7 de fev de 2012

[Review] 4x11 - "Making Angels"



Deus ex machina. A mão de Deus.

É com o termo grego citado por Astrid neste episódio que abro a review deste 4x11 "Making Angels" para enfatizar que esta pode ser a maior dica já dada pelos roteiristas de Fringe nas últimas temporadas que por coerência lê-se "A Mão de Deus", mas que na tradução literal fica "Deus na máquina". Isso os faz recordar de algo?

Esta mesma expressão, surgida na Idade Média quando os gregos tinham como maior forma de entretenimento o teatro, era usada para amarrar todas as pontas soltas de uma história, onde a mão de Deus era a responsável por fatos inexplicáveis dentro da trama estabelecida. Pode parecer absurdo trazer o tema à mesa em uma série onde o sci-fi predomina na maior parte do tempo, mas de fato podemos estar diante da única explicação plausível para os maiores mistérios de Fringe.

Seria plausível dizer que Deus seja responsável pelas peças do destino? Que tenha sido ele quem apagou Peter da linha temporal? Que Deus enviou um servo para matar pessoas moribundas com o intuito de evitar o sofrimento prolongado da morte? Que Deus tenha enviado anjos a Terra para "observar" acontecimentos importantes e para balancear o desequilíbrio que a ciência causou ao ultrapassar limites como o tempo e espaço?

Em um episódio nomeado de "Making Angels" que, na minha visão, poderia ser facilmente intitulado como "Making Observers", vemos Astrid tomar seu foco em dose dupla. Jasika Nicole esteve fantástica na interpretação da Astrid frígida e da Astro-Asterix-Aspirin. Neste ponto, o roteiro acerta ao desenvolver não somente uma personagem que "conhecemos" há anos, como nos justapõe a outra conhecida tão recentemente e que nos emociona de formas similares. Sem poupar, é claro, doses de humor em momentos como "Eu estava me perguntando porque ninguém nunca faz isso" e "café? Ninguém nunca me ofereceu café?!"

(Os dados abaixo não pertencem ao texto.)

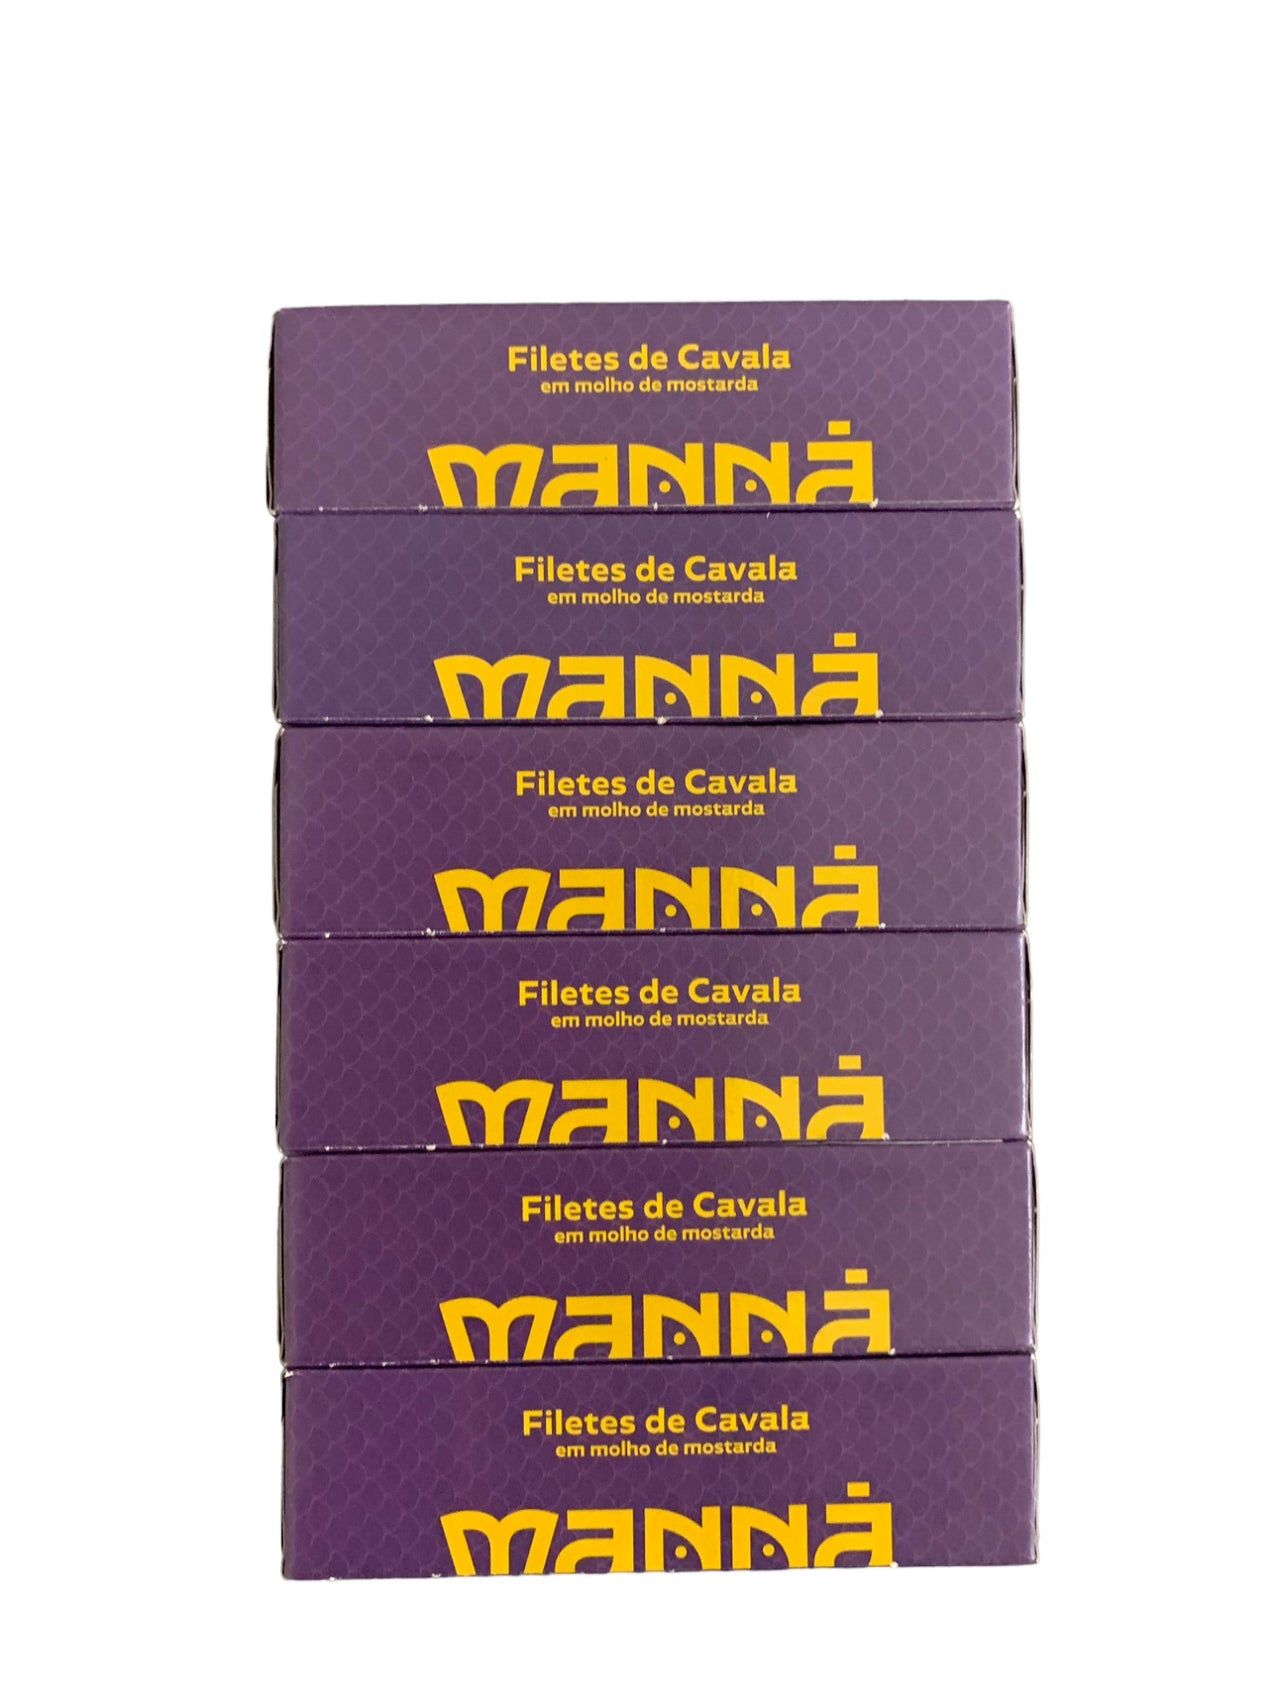 Manná Mackerel Fillets in Mustard Sauce - 6 Pack - TinCanFish

E se por um lado Astro, digo, Astrid toma a liderança (#TakeTheLead) de um episódio presenteado e rotulado como seu, o Fringe Event da semana fomenta um observador em potencial, Neil Chung, capaz de ver o futuro e suas variáveis. Interessante é notar as diversas semelhanças entre o freak da semana e os observers, como as falas premeditadas e os futuros escritos a fio. Neste caso, a única divergência é que o primeiro interferiu no destino dos humanos, além da visível falta de depilação.

Diferentemente do anterior, onde Emily era capaz de ver ecos temporais, neste 4x11 o pseudo observador podia vivenciar o tempo de maneira diferente. Fazendo o comparativo entre os dois episódios, podemos também supor que todo observador um dia fora humano (no 4x10 a nós é dito que eles possuem o mesmo material genético que um humano comum), antes de ser convertido à sua função de vigiar todas as linhas temporais.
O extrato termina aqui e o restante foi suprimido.